Although the products Annaly buys can be complicated, the mortgage REIT operating model is really easy to understand. Mortgage REITs aim to borrow money at the lowest rate possible and use this capital to purchase higher-yielding long-term assets, such as mortgage-backed securities. The difference between the average yield mortgage REITs receive from the assets they own, minus their average borrowing rate, is known as their net interest margin. The higher the net interest margin, usually the more profitable the mortgage REIT.
The great thing about mortgage REITs is they rarely, if ever, offer surprises. If you keep a close eye on the interest rate yield curve and Federal Reserve monetary policy, you'll often have a really good idea of how well or poorly the industry is performing. At the moment, things are challenging for Annaly. The yield curve has flattened or, at times, inverted, and monetary policy has turned hawkish, which has increased short-term borrowing costs.
However, history has often shown that buying mortgage REITs when they look their bleakest is a smart move. As an example, the interest rate yield curve spends a disproportionate amount of time steepening, not flattening. Plus, higher interest rates will ultimately be a positive for the yields on the MBSs Annaly buys in the future.
What's more, Annaly Capital Management almost exclusively buys agency assets. "Agency" securities are backed by the federal government in the event of default. Although this added protection does lower the yields Annaly receives on the MBSs it buys, it also allows the company to prudently deploy leverage to pump up its profits.
Innovative Industrial Properties: 7.24% yield
A second ultra-high-yield dividend stock that one successful billionaire can't stop buying is cannabis-focused REIT Innovative Industrial Properties (IIPR 0.88%). Though IIP, as the company is more commonly known, has the "lowest" yield on this list, it should be noted that its quarterly payout has grown by 1,067% over the past five years.
The billionaire that fancied IIP during the first quarter was none other than Citadel's Ken Griffin.
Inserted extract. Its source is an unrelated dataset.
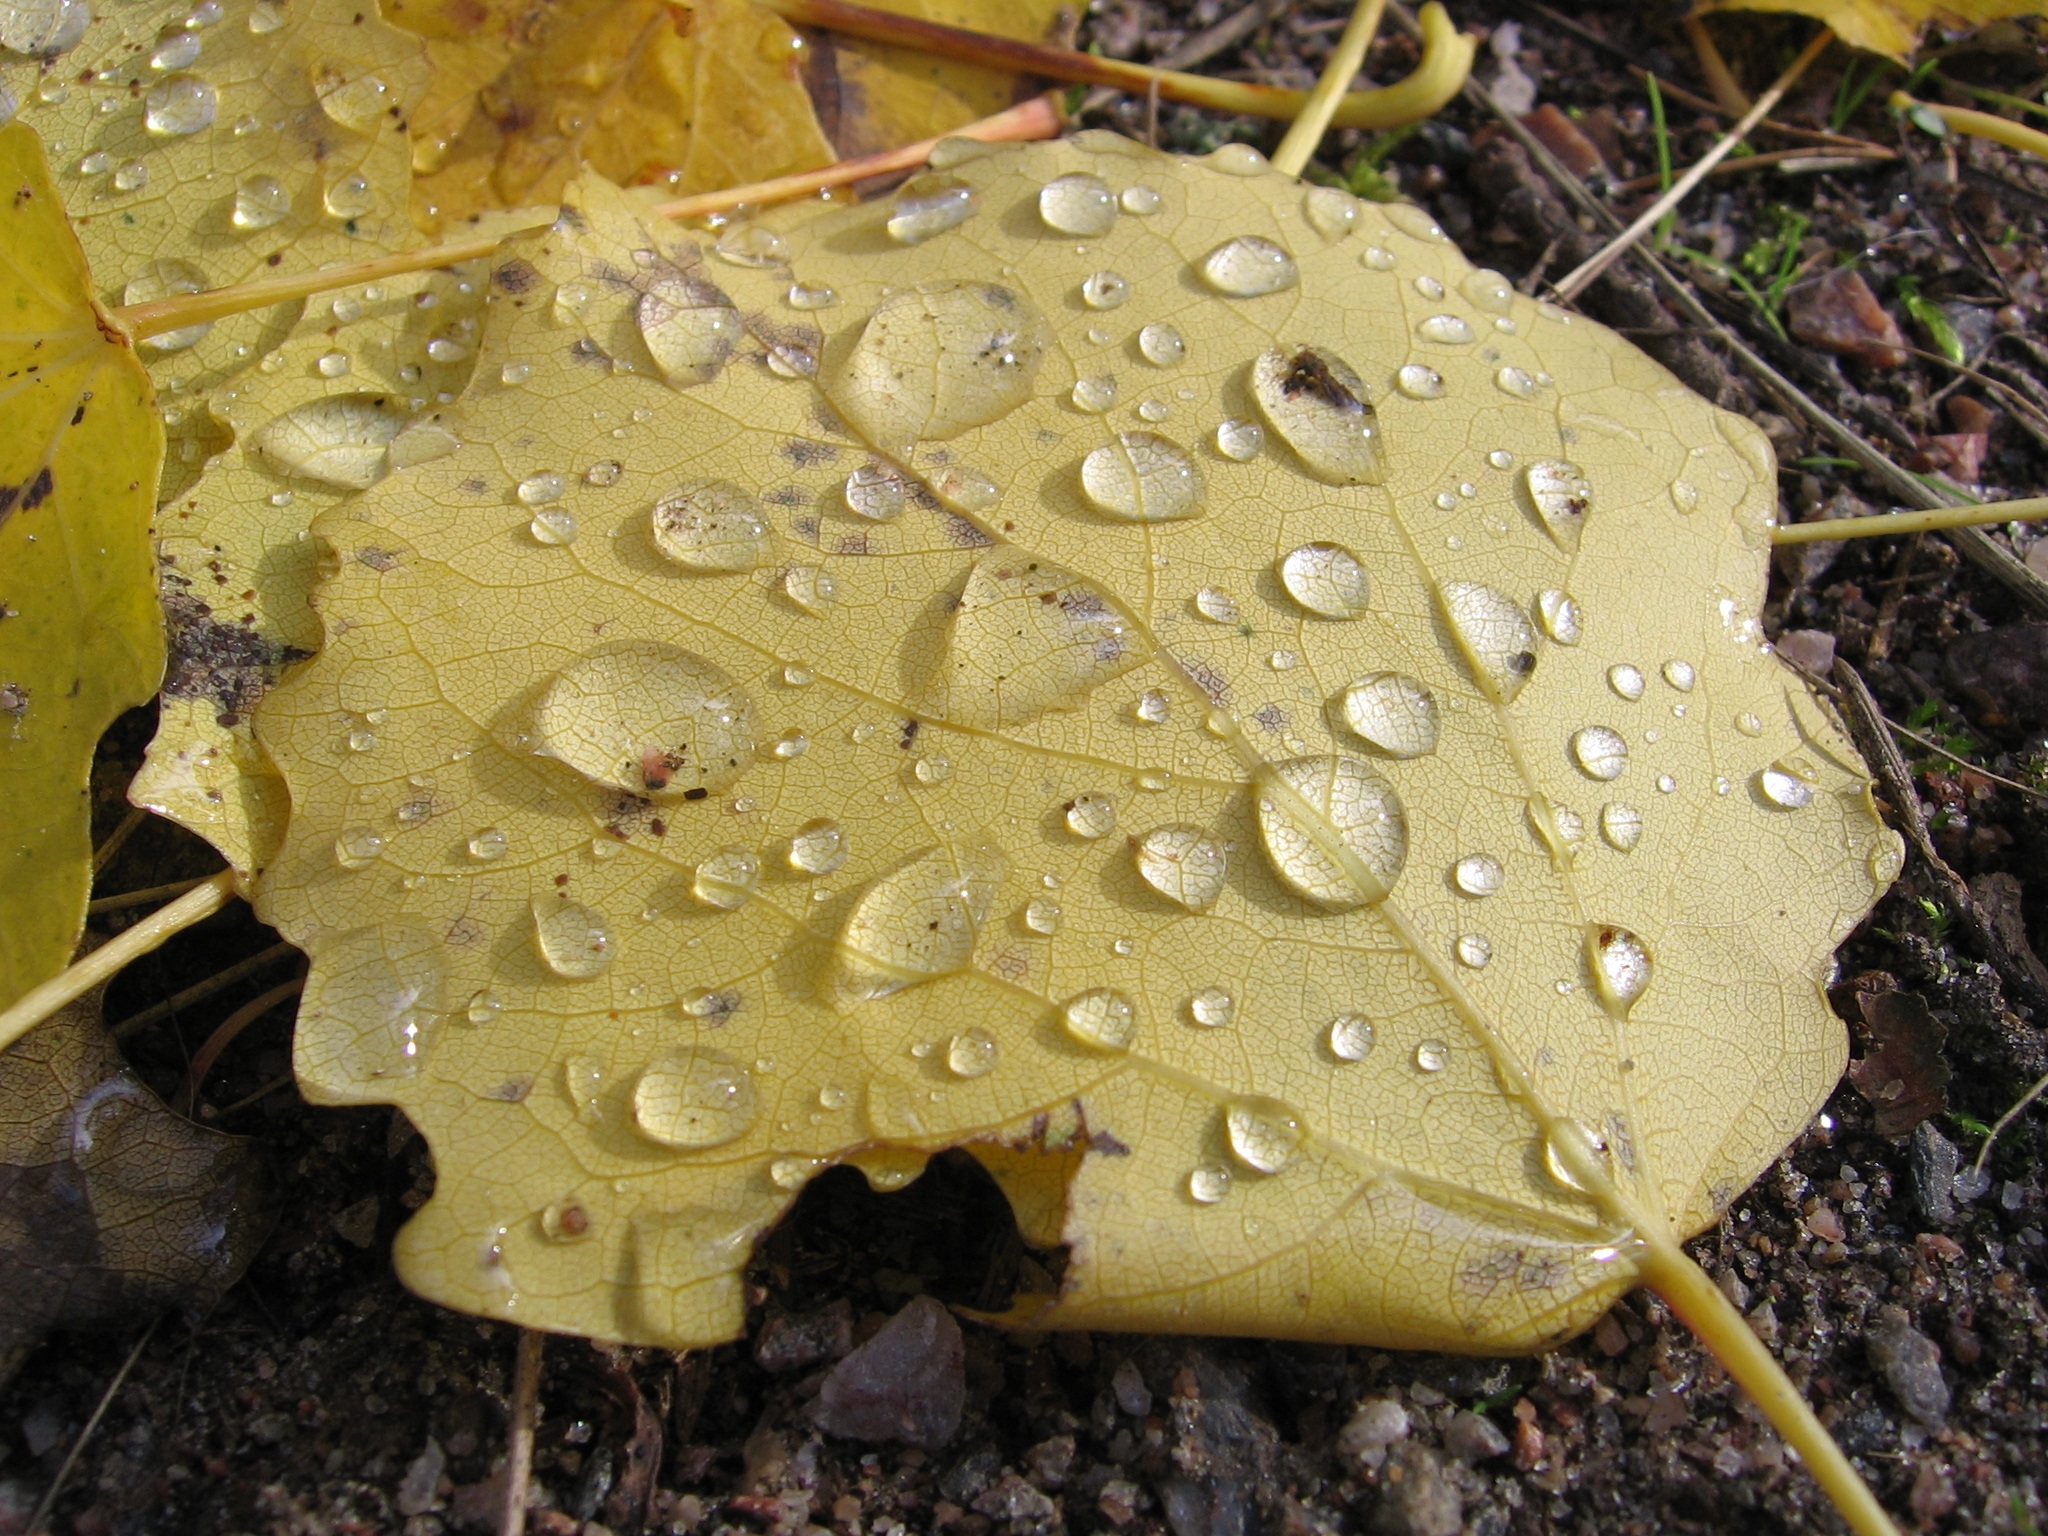 Raindrops on the leave photo

No asset management company required to file a 13F purchased more shares of IIP in the first three months of the year (a little over 296,000 shares) than Ken Griffin's Citadel. The move increase Citadel's stake in IIP to almost 305,000 shares.
The cannabis REIT operating model is pretty similar to a typical property REIT. In this instance, IIP seeks to acquire marijuana cultivation and processing facilities, and leases these assets out for an extended period of time. While the company generates the bulk of its growth from acquiring new properties, it does have a modest organic growth component built in. It passes along inflationary increases to its tenants on an annual basis, as well as collects a property management fee that's tied to the base annual rental rate.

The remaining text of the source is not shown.